**GIVEN DATA:**
++++
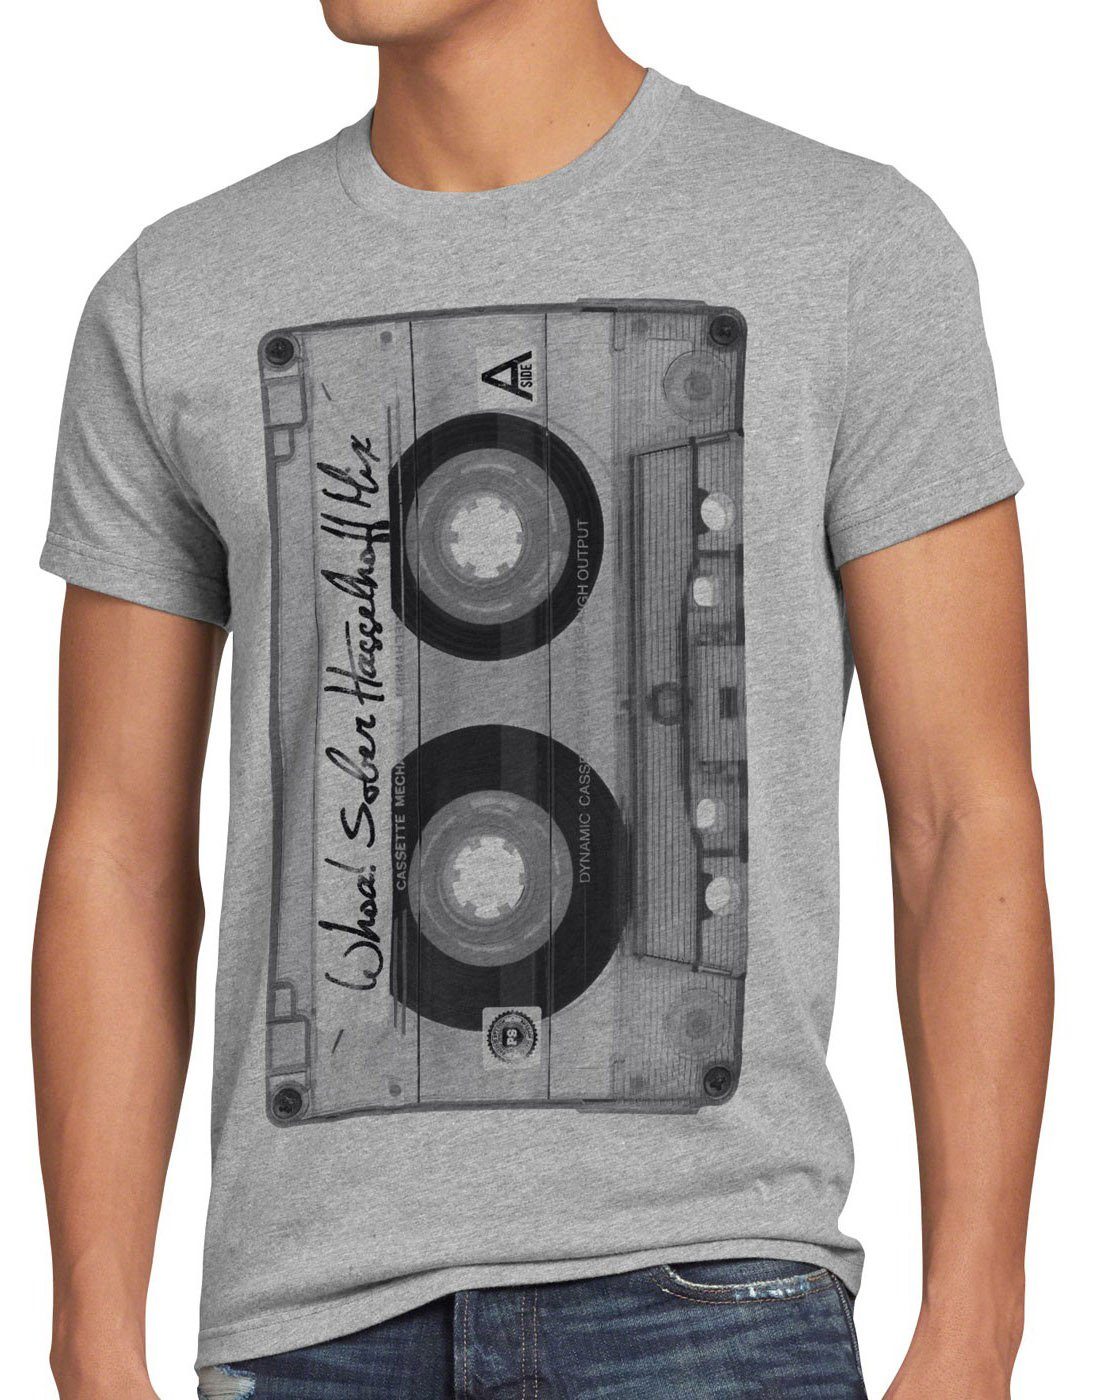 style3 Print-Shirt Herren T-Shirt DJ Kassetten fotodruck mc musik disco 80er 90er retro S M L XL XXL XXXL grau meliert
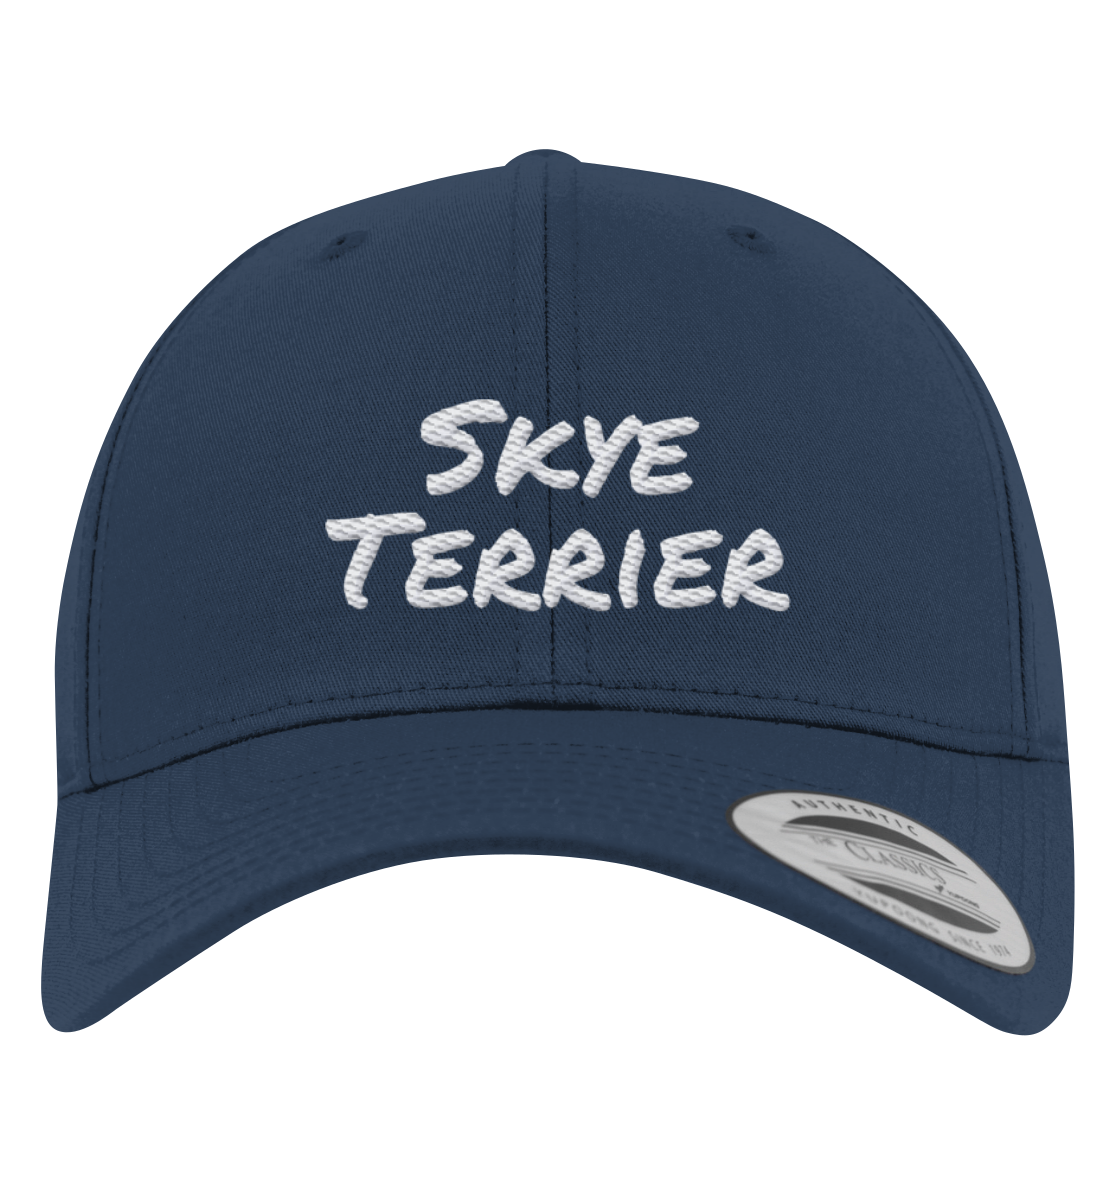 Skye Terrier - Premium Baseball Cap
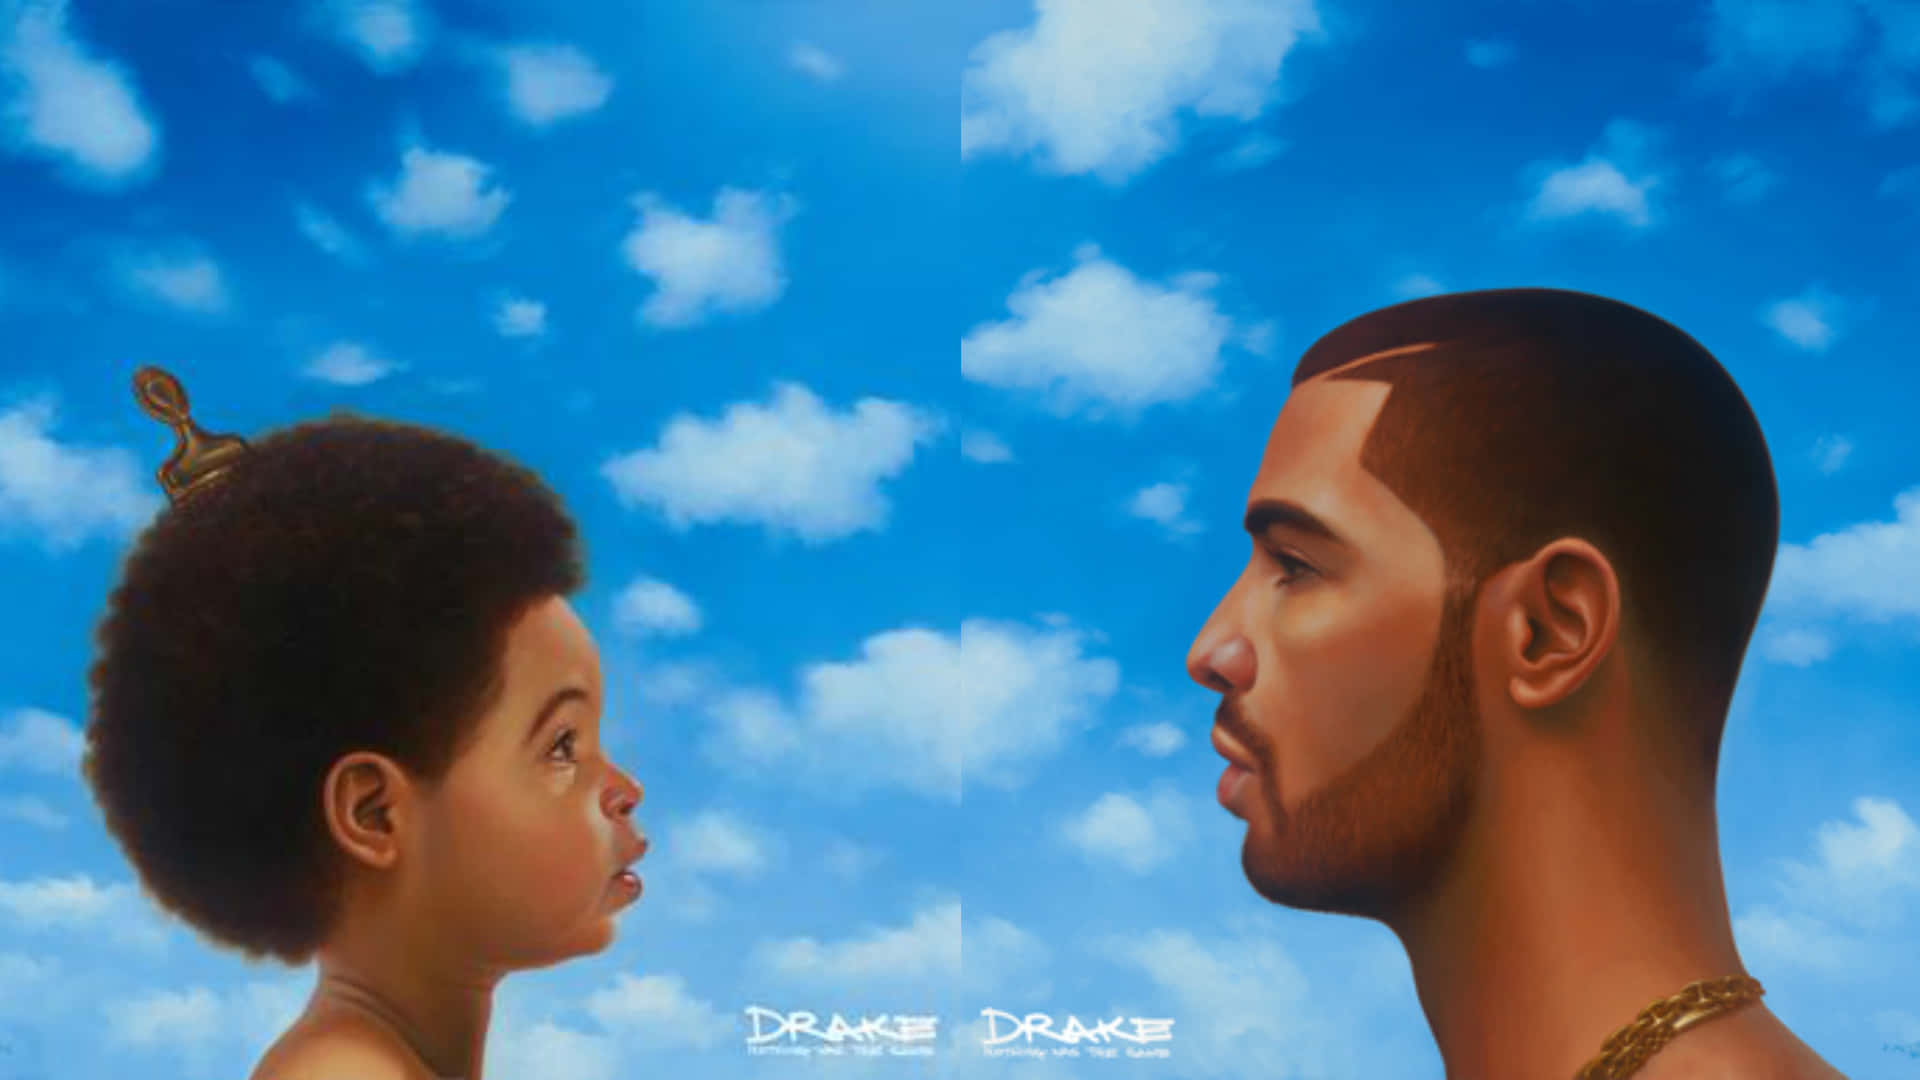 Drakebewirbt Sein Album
++++
**EXERCISE DIRECTIONS:** Transcribe exactly the lines from the one holding "Skye Terrier - Premium Baseball Cap" through the final line of the material above, both ends included; any pictures should be dropped.

**ANSWER TO THIS EXERCISE:**
 Skye Terrier - Premium Baseball Cap
 Drakebewirbt Sein Album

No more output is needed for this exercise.